さて、私たちが大島に到着したのは2月5日。あいにくの雨でした。私が住んでいた頃は佐世保港から大島に渡るのに船を使っていましたが、1999年以降、大島大橋が開通し、橋を渡って島に渡れるようになりました。ということで、今回も大島大橋を渡り、まずは寺島へ。そこからまた橋を渡り、大島に入ります。

前述の通り、私には当時の記憶がほとんどありません。しかも半世紀以上前の記憶です。いざ大島の地に立ってみても、どこに行けばいいかわかりません。ただうっすらと「真砂(まさご)」という言葉を知っていたので、それを頼りに真砂町に行ってみることにします。

ここが真砂町です(地図①)。なにも思い出せないまま少し歩いてみると、写真左奥のような家を見つけました。これは「炭住(炭鉱で仕事をしている人が住んでいる住居)」という建物で、当時建てたものかどうかはわかりませんが、かなり年月が経っているようです。近づくと、ふわっと頭の中にイメージが浮かんできました。こんな家の前で遊んでいたような気がします。

「ほかになにか覚えていることは?」と聞かれ、海が見える公園で遊んでいたことを思い出しました。地図を見ると、少し離れたところに海のそばの公園があります。試しに行ってみることにしました。

ここがその公園です(地図②)。もう誰も遊んでいないのか、道から公園に続く道は草が茂っていて人が歩いた痕跡がありません。雨でつるつる滑りそうになりながら公園にたどり着くと、見覚えのある石の東屋がありました。ここで遊んでいたような気がします……が、住んでいたはずの場所から少し離れています。子どもの足でそこまで行くかな?と自信を失いかけましたが、あとで父から聞いた話によると、この近くの保育園に通っていたそうです。だとしたら、保育園から公園まで遊びにいったりしていたのかもしれません。

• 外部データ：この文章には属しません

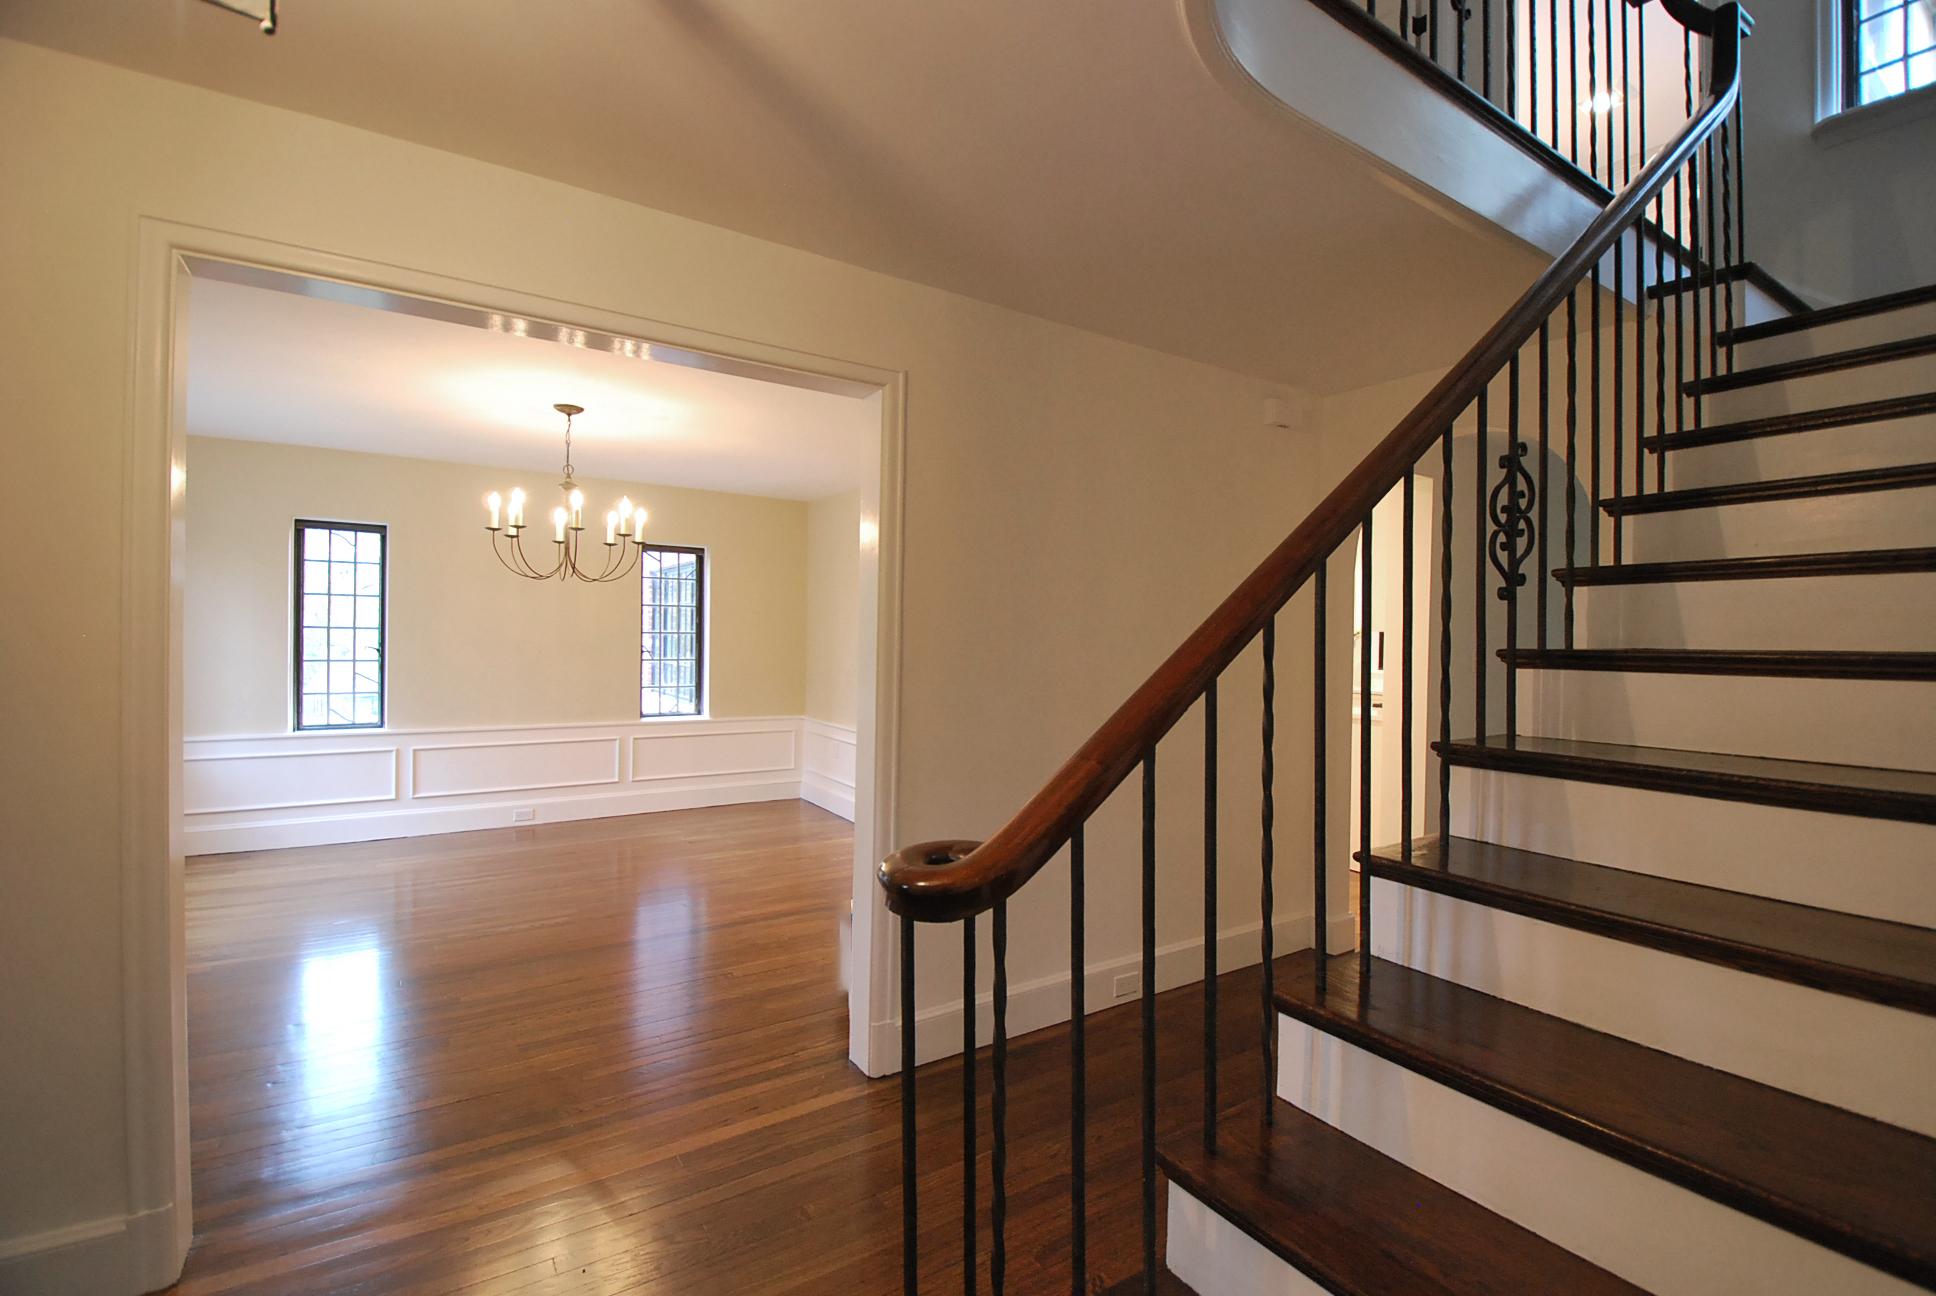 boffa stair 4.jpg

もうひとつ覚えていたのは、お風呂屋さんに向かう上り坂。どこにあるのかわからなかったので、寺島に戻って観光案内所で教えてもらったのが「中央」(地図③)。案内所でもらった地図を頼りに行ってみると、こんな場所でした。

この道に立った瞬間に「ここだ」と確信しました。この道も風景も覚えてはいませんが、私は確かに昔、ここに来たことがあります。覚えていないのに、覚えている。とても不思議な感覚でした。頭ではなく体に記憶されるってことがあるとしたら、そんな感じです。

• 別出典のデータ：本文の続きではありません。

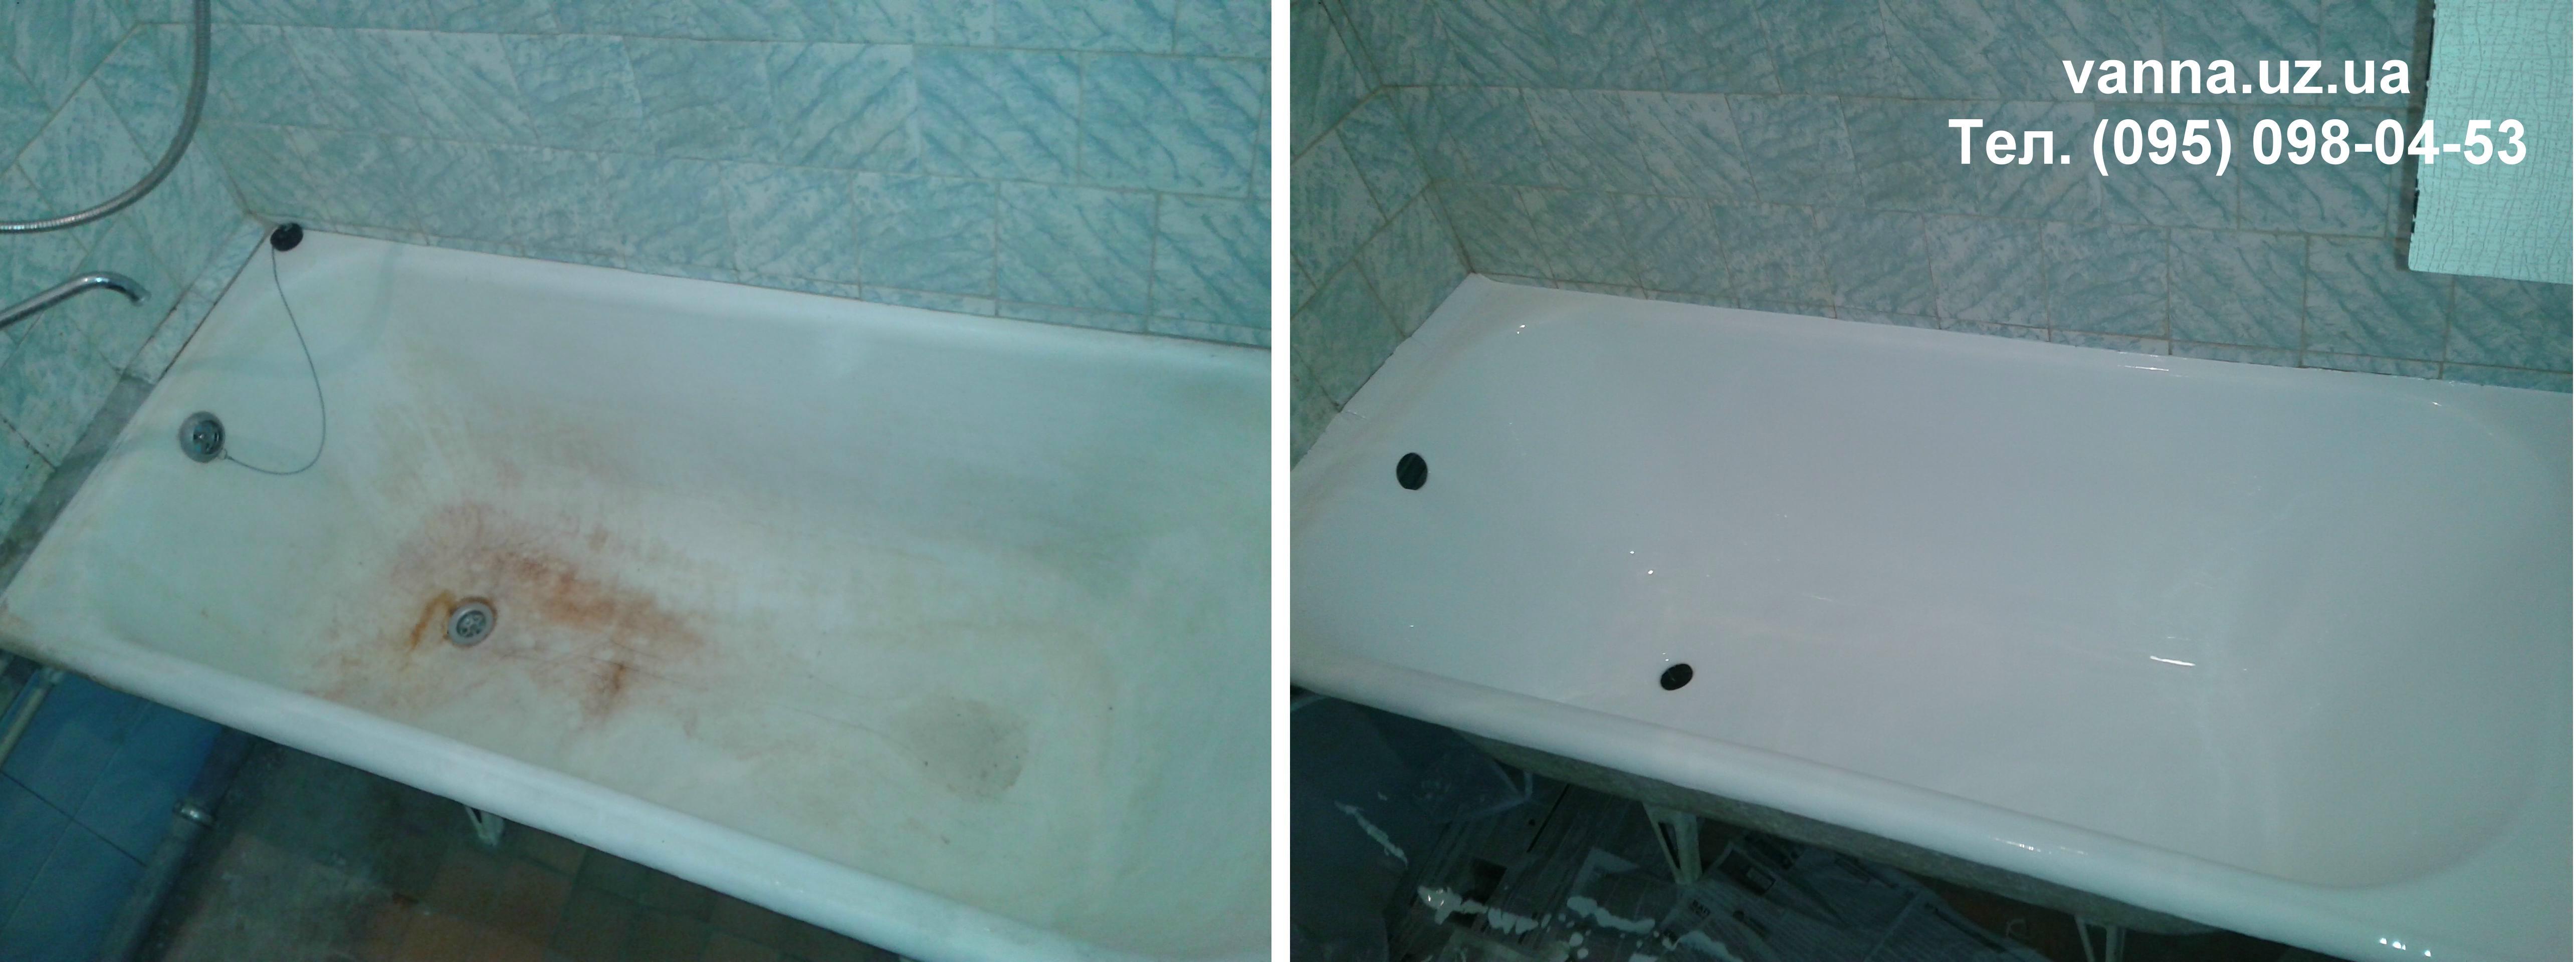 ужгород. реставрація ванн

坂を上りきった場所には、大きなスーパーがありました。観光案内所の人によると、「昔はボーリング場や映画館があった」とのこと。父に聞くと「映画館にはよく通ったよ」と懐かしそうでした。半世紀前の父は、この道を何度も往復したのでしょう。

あとで父から話を聞くと、ほかにも思い出の場所はいろいろあったようです。たとえばこの地図の左下に小さく見える「蛤」ですが、当時はここに病院があり、結核だった母は長く入院していたそうです。その近くの「大島大釜海岸」で、父がよく釣りをしていたという話もありました。そういえば、徹夜で釣りをしていた父が肺炎を起こして入院した記憶があります。私はとても心配だったけど、母は「なにをばかなことを」と笑い飛ばしていたような。

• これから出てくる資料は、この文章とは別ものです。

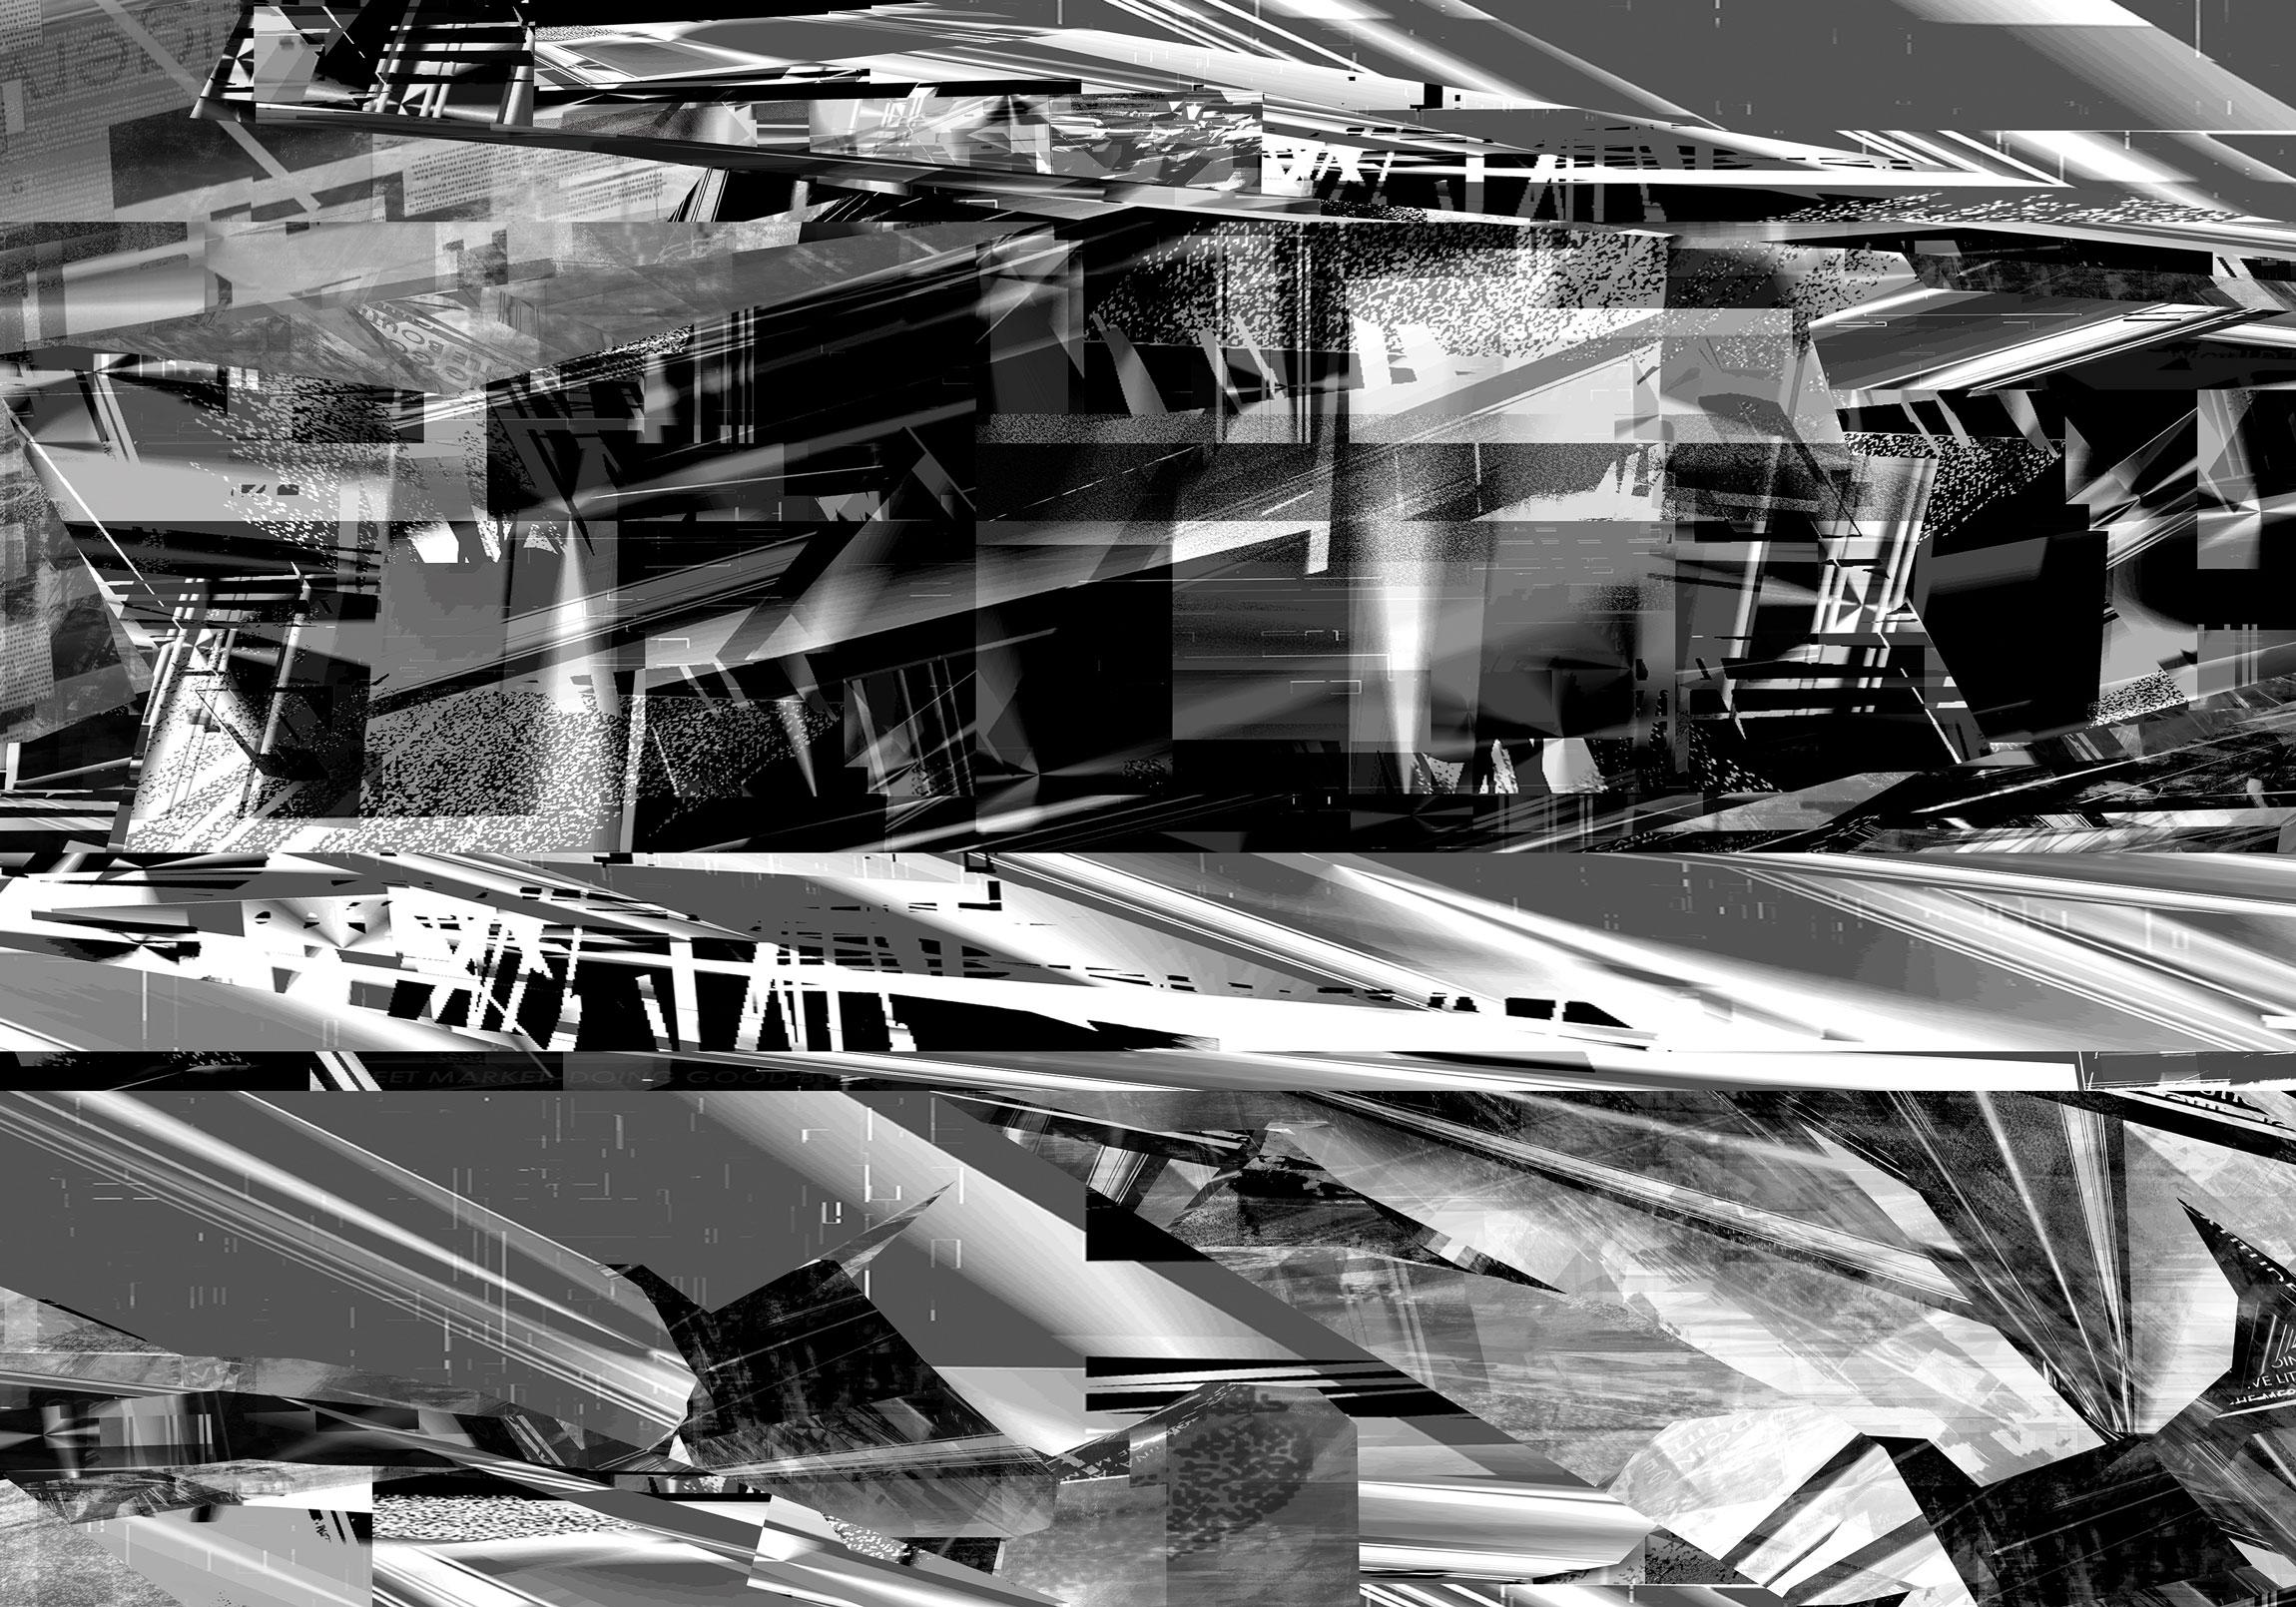 Herwig Steiner(1956L), Architektur, sp63, computergenerierte Zeichnung, 2013

私のルーツをたどる旅、今回は短い滞在となりましたが、短いなりにいろいろと思うところはありました。小さかった私にとってこの島は世界だったんだろうなあとか、この(潮の)香りが漂うなかに日常があったんだなあとか。当時まだ若かった父母は、初めての子育てや病気の治療に苦労しながらも楽しい日々を過ごしていたようです。大島の話をするとき、いつも二人は笑顔でした。

25年前、母は「新婚のときの大島での暮らしが好きだったから、あのときと同じような環境で老後を過ごしたい」といって天草への移転を決めたそうです。言われてみると、たしかに天草と大島の景色はとてもよく似ていました。ふたりにとって大切な時間がこの島と共にあったということを、身をもって感じることができた旅でした。